Assignment: Print nothing but the lines below starting at the line that holds "Michael Vela, the" and ending at the line that holds "Applied energistics is", including both, each exactly as written.

[Input for this task Boundary: Start]

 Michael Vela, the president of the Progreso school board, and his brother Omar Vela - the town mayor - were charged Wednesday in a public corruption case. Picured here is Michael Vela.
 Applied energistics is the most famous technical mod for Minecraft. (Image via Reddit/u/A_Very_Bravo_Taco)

[Input for this task Boundary: End]
[Input for this task Boundary: Start]

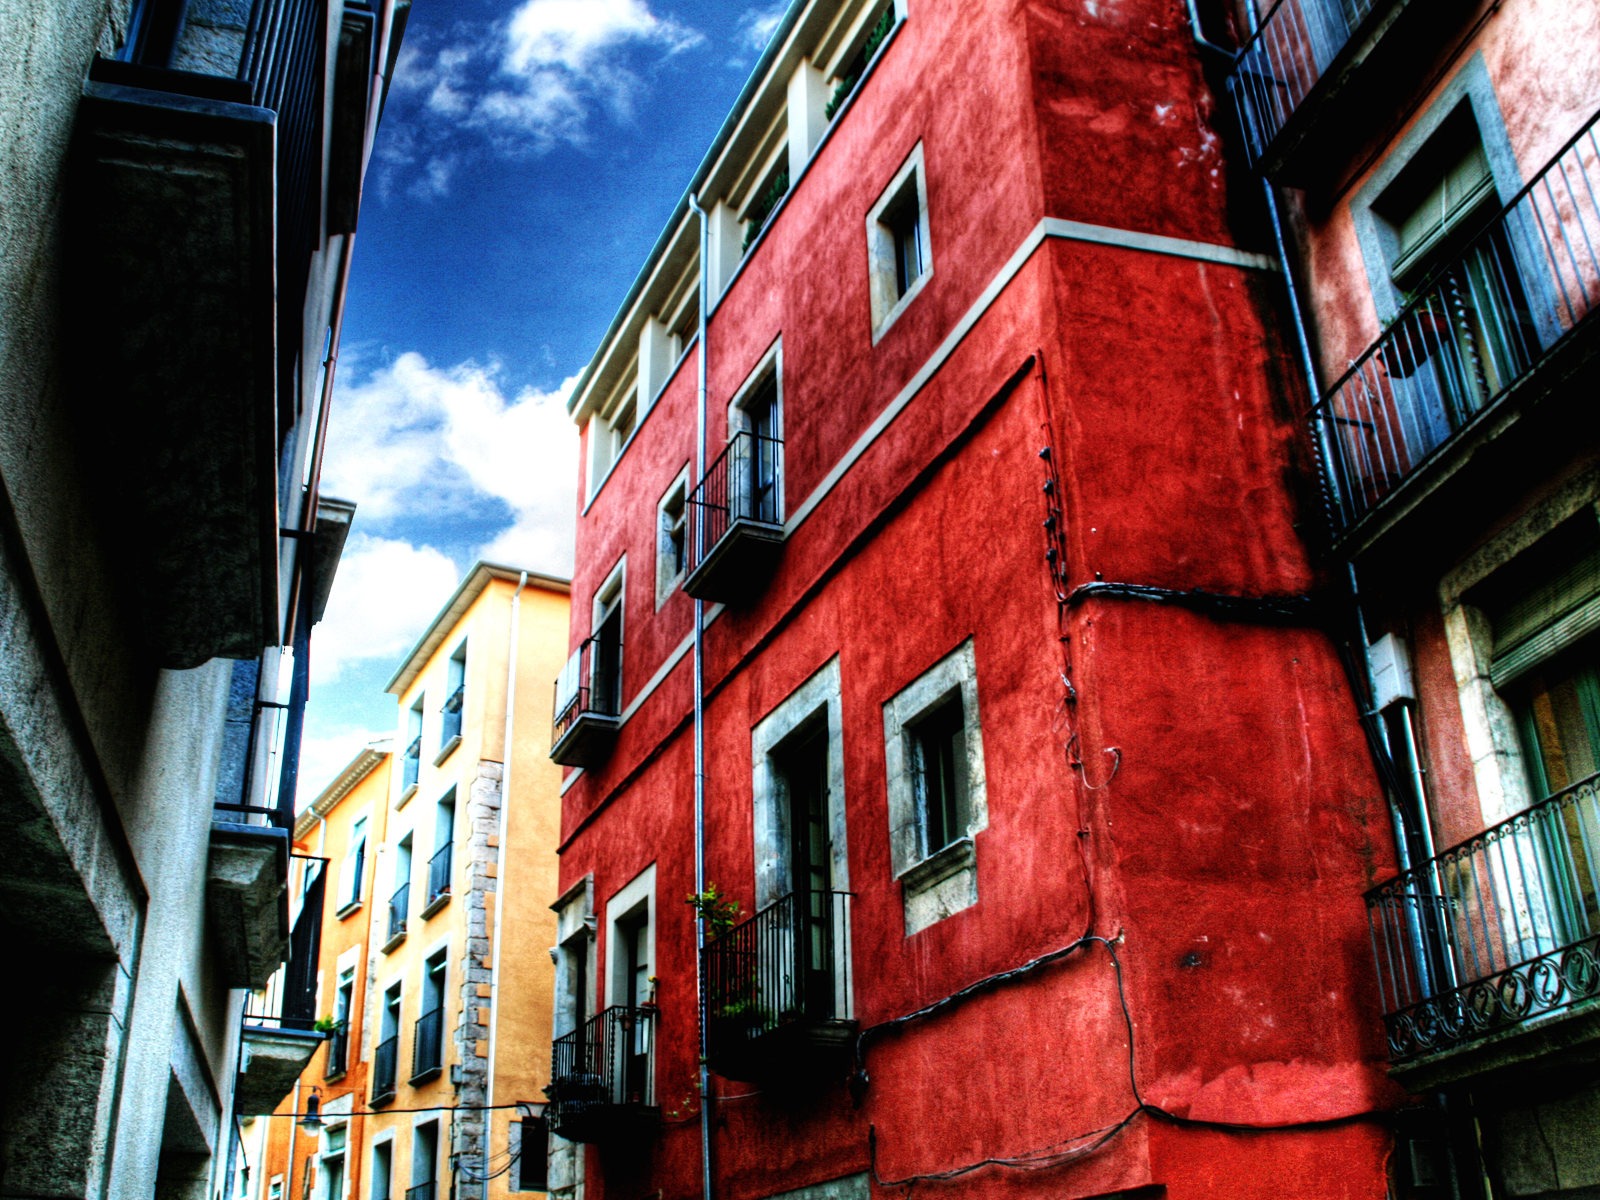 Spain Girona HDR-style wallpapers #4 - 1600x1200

[Input for this task Boundary: End]

Solved problem:
 Michael Vela, the president of the Progreso school board, and his brother Omar Vela - the town mayor - were charged Wednesday in a public corruption case. Picured here is Michael Vela.
 Applied energistics is the most famous technical mod for Minecraft. (Image via Reddit/u/A_Very_Bravo_Taco)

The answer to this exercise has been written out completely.